Performing Power and Individualism on American and German Stages takes an intersectional, interdisciplinary, and intertextual approach to whiteness, critical race theory, and transnationalism. In light of the intertwined history of the United States and Germany for over 200 years, this course sets out to examine the contemporary moment in light of this history. This course will apply theory to theatre texts, performances, audio-visual materials, and other writings. This course consists of six modules that attempt to examine how whiteness works to remain a non-racialized subject position in order to protect and reify expectations of white privilege. Since whiteness uses “the other” in order to define itself, this course will rely and lean upon non-white voices to mark whiteness. Because whiteness persists in the contemporary, this course will identify and examine strategies for marking, unmasking, and undermining whiteness.

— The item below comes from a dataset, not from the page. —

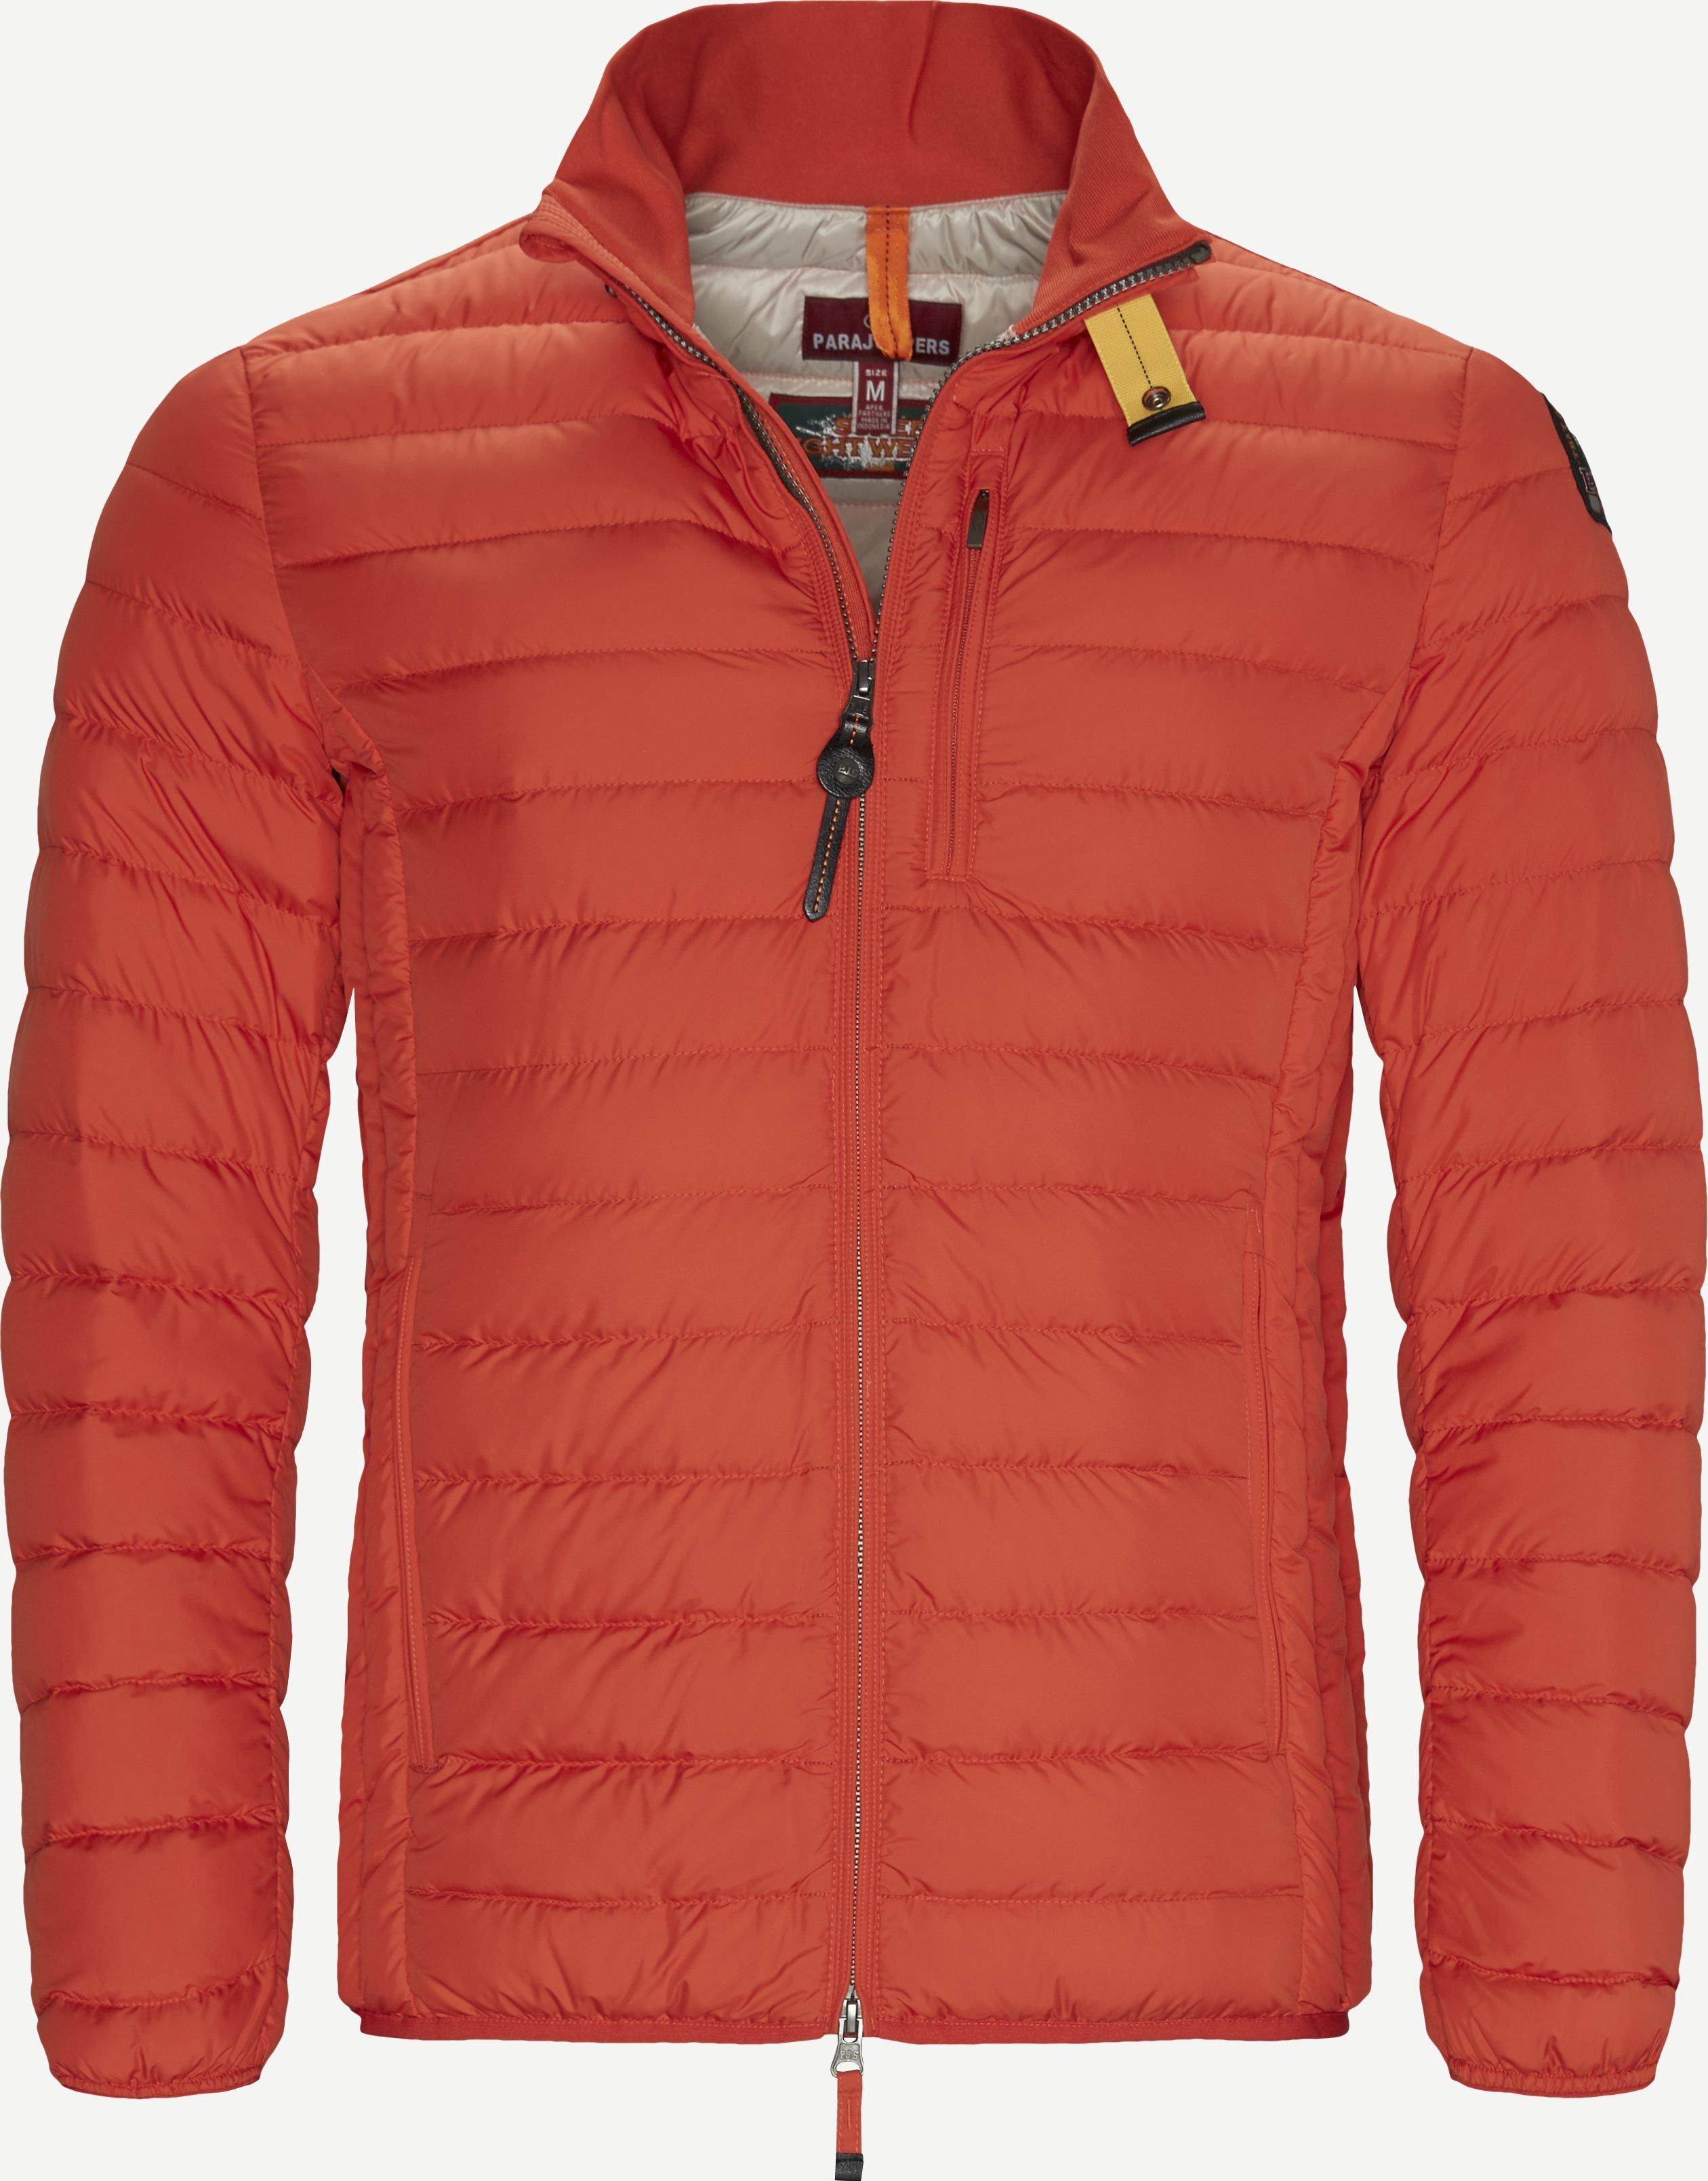 Jackets - Regular - Orange

Module 2 (part 2) - Late 20th Century American and German Performance

In the section part of module 2, which examines whiteness in the last half of the 20th century, we read David Roediger's Colored White, and Eric Goldstein's The Price of Whiteness. We were able to examine in which ways masculinity surfaced in these works, as well as in Mamet's Oleanna and the documentary Hollywoodism. In addition to, or in place of, the prompts in the syllabus, how is masculinity linked to whiteness? Use this opportunity to even pull in past modules. For instance, how does masculinity, as linked to whiteness, remain unmarked?